Everyone likes to think that they are good with money and have the necessary tools to keep themselves in the black. Unfortunately, with more and more people taking out credit to pay for things with money they technically haven’t got, debt levels are once again on the rise. Whether it is through mortgages, credit cards, or even short-term loans, the specter of debt continues to loom large over a number of Americans.

 

Why are people in debt?

It is difficult to pinpoint exactly where these problems with money come from, with 80% of Americans admitting that they are in some form of debt by accumulating sources. The main three are believed to be student loans, credit cards, and car finance planes, with credit card debt, in particular, being quite high. According to the latest figures from September 2020, Americans nationwide have a combined $416.13 billion worth of credit card debt, which, rather surprisingly, is a drop of 6.34 percent from the previous year. It is still quite high but nowhere near the peak of $1trillion from the peak of the financial crisis in 2008. All of this feeds into the current sky-high household debt figures of $14.3 trillion, which is $1.6 trillion higher than the previous peak of $12.7 trillion from the third quarter of 2008, once again at the height of the recession.

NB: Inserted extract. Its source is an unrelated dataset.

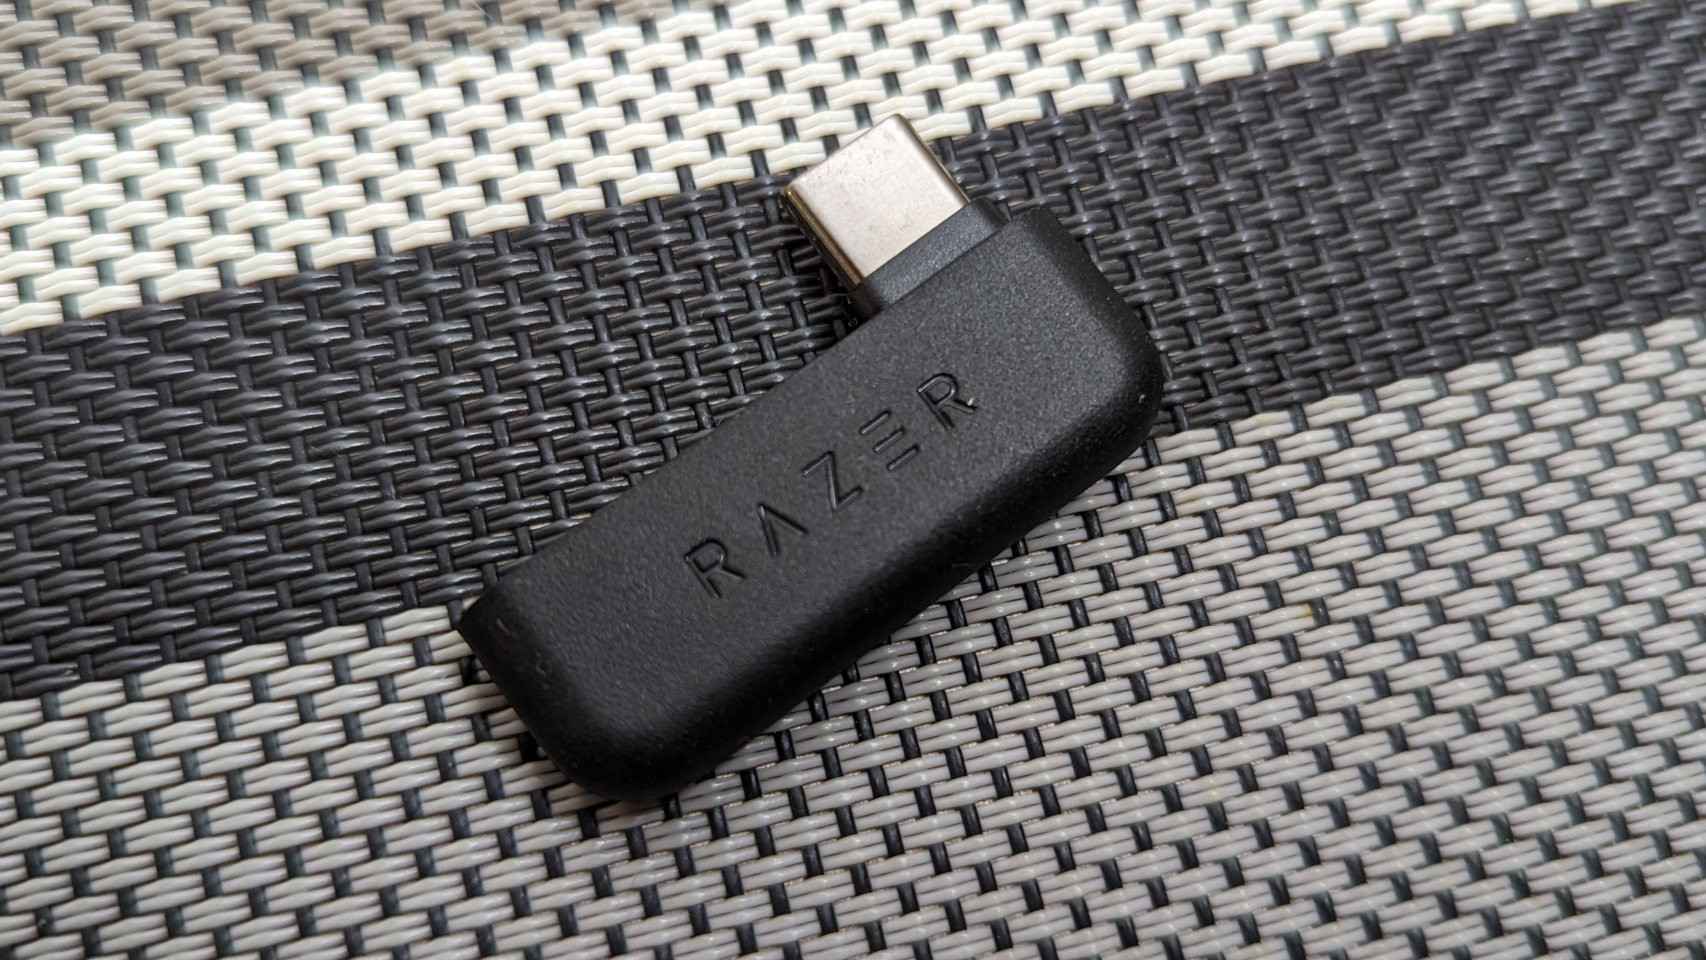 El adaptador HyperSpeed USB-C incluido con los auriculares de Razer

This amount of debt can have a knock-on effect on the chances of gaining mortgages and other credit in the future, as they leave a trace on your credit file.

 

How bad can it get?

The worst-case scenario for any debt is that you fall into arrears and then have major problems making the repayments, seriously damaging your credit file, and making it harder to borrow again in the future. One of the worst results can be bankruptcy; It is believed that 14 percent of Americans own more than they currently own, but only 1% of the file for bankruptcy, with the other 13% avoiding wiping the debts through fear of the financial implications. These arrears can lead to bailiffs and debt collectors, with mortgage arrears leading to homes being repossessed by the banks. Try going to http://blueprinthomes.com/, and you might be able to sell your home to help you out of the financial mire. Whether it is a quick sale or ensuring you get the best price possible, they can be of help.

 

Finally….

It is never nice to be in a situation where your money troubles are causing real issues for you both mentally and through the long-term impact on your credit rating. With the right help, it is possible to come back from these problems, but it is important to act quickly. Right now, it might only be money and a bit of sleep that you are losing, but without quick and decisive action, you might see yourself losing quite a lot more in the future. The question is, can you honestly afford to let that happen?